The term quality of life emerged in the 1960s, when the consequences of massive urban development and industrialisation were starting to be felt in Western nations. At the time, it referred to the conditions necessary for an individual’s personal development.
At the end of the 1990s, Amartya Sen claimed in his work on the economics of well-being that quality of life is “the individual freedom to use one’s capabilities to act on something, to produce acts and to achieve goals that are meaningful to them”. A city that offers optimum quality of life would therefore be a city in which individuals can thrive in a healthy environment. This definition of quality of life naturally makes the notion more complex than if it is considered merely in terms of amenities and facilities to be made available to inhabitants.

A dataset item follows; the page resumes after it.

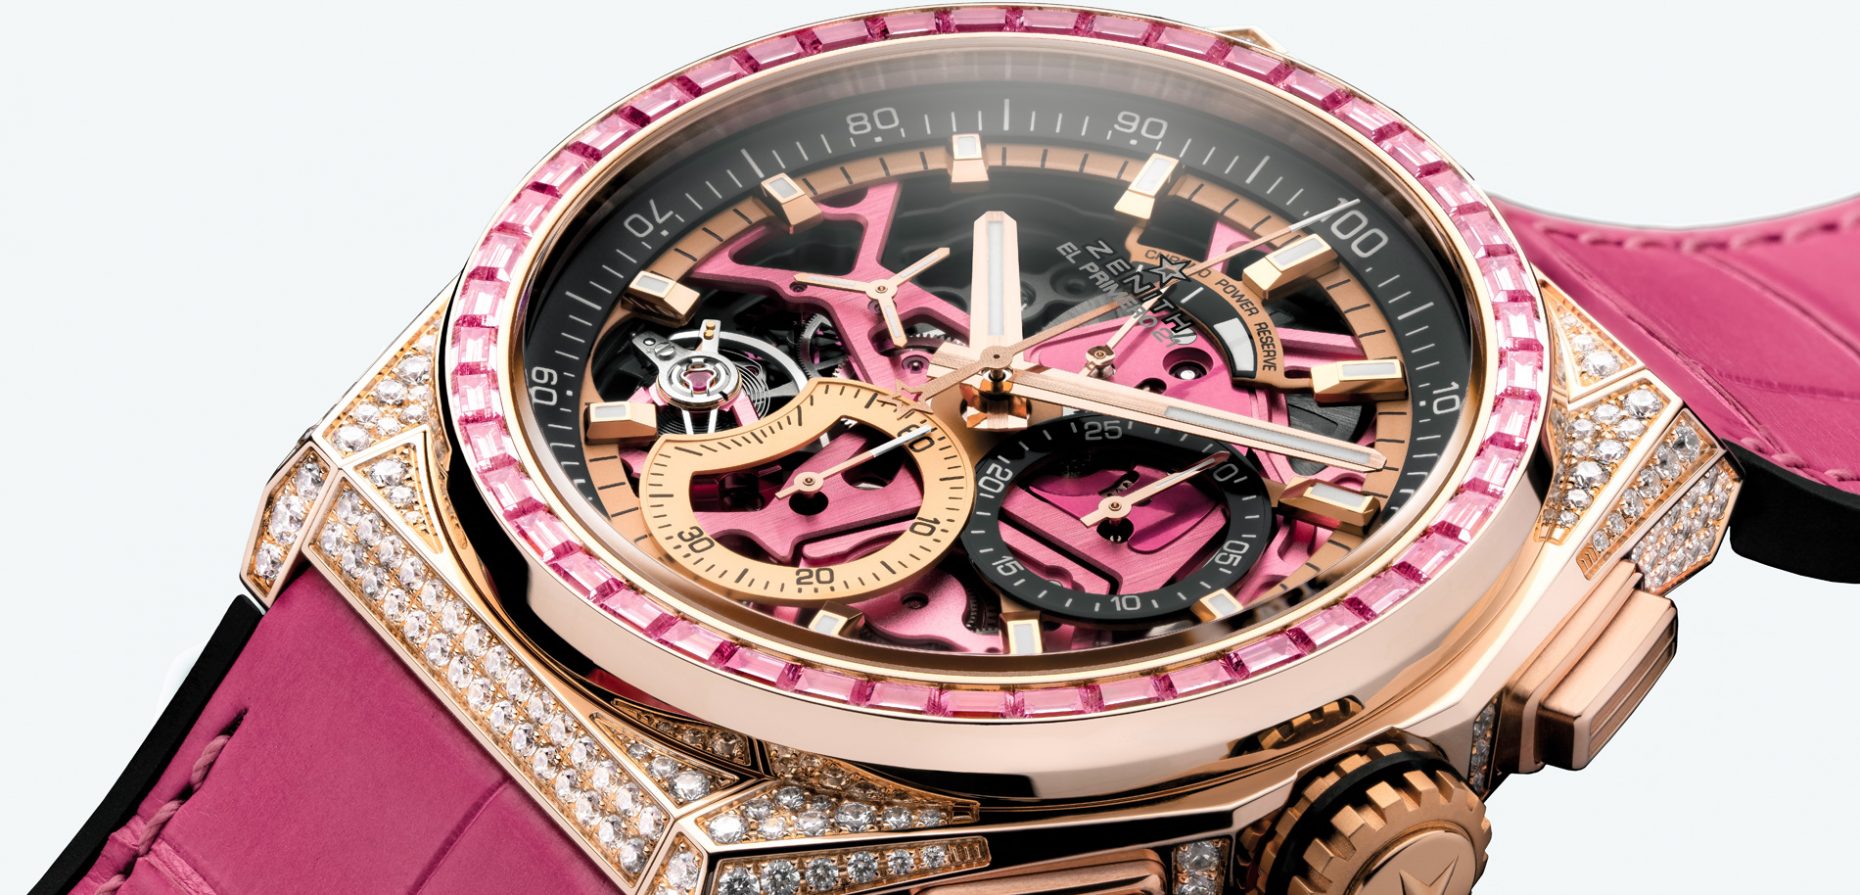 Perfekt eingeschalt präsentiert sich das aufwändig dekorierte El Primero Automatikchronographenwerk im Damenuhren-Sondermodell Zenith Defy 21 Pink Edition.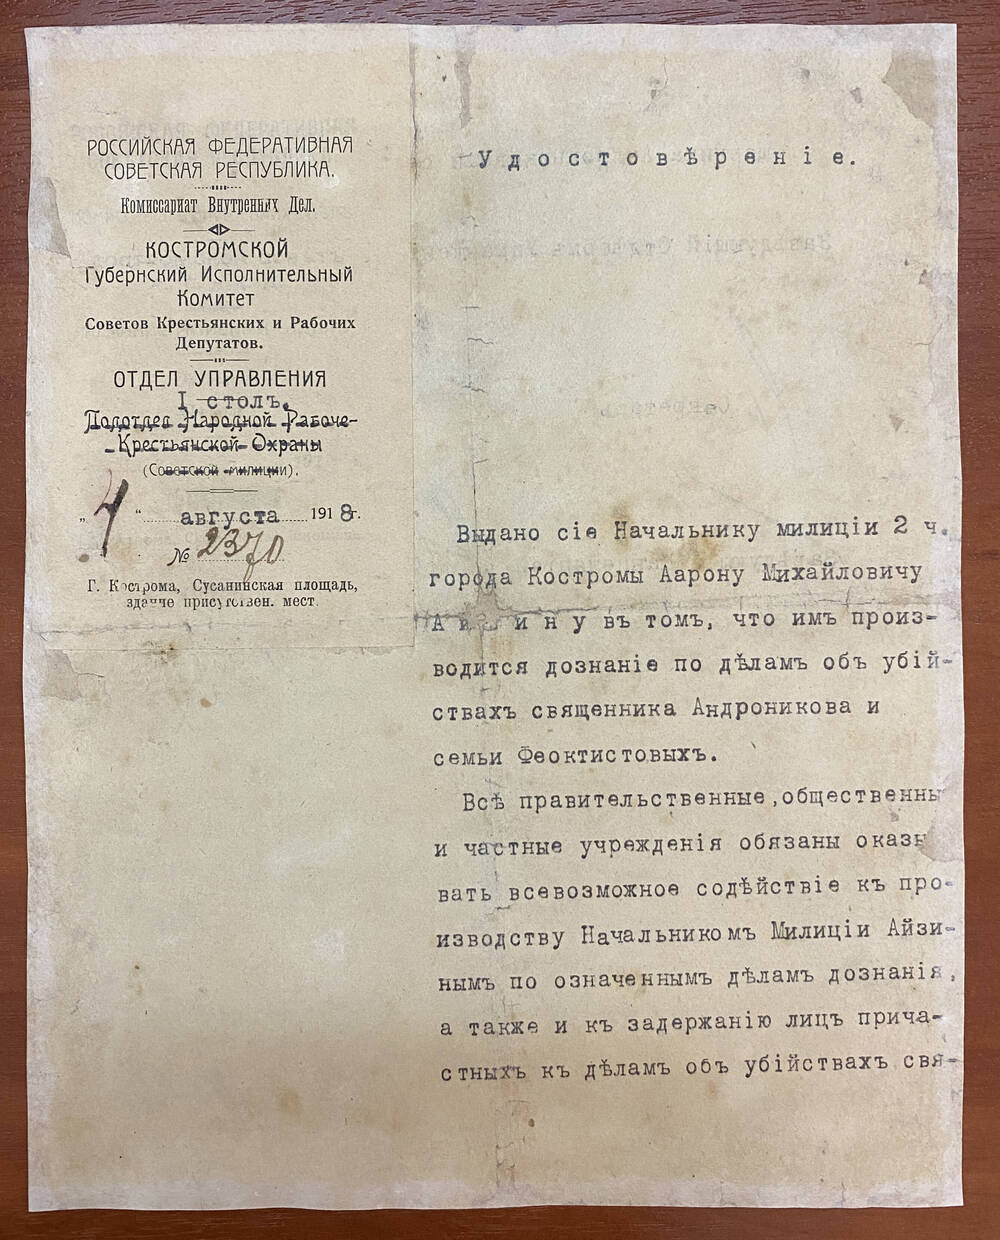 Удостоверение № 2370 от 4 августа 1918 г. выдано нач. милиции 2 части города Костромы А. М. Айзину, в том, что им производится дознание по делам об убийствах. Три подписи

How can quality of life be measured?
Can quality of life be measured? The existence of reputed rankings and assessments, such as those produced by Mercer or the OECD, point to this conclusion – as their differences indicate that each ranking uses different indicators and weightings. “Measurement institutes do not agree on which measurement tool to adopt”, commented Aziza Akhmouch, Head of the Cities, Urban Policies, and Sustainable Development Division of the OECD. Behind the apparent simplicity of their rankings and their extreme clarity, which are often deftly reworked in local area marketing initiatives (“the top 10 best cities to live in”, “the 20 medium-sized cities which are reinventing quality of life”, etc.), the measurement of quality of life is a major challenge: it has direct repercussions not only on the competitiveness of the cities concerned but also on the definition of public policies. The measurement of quality of life has become an important tool in the steering and management of cities – a tool which is not quite like others due to its reliance on a certain definition, or interpretation, of what quality of life is.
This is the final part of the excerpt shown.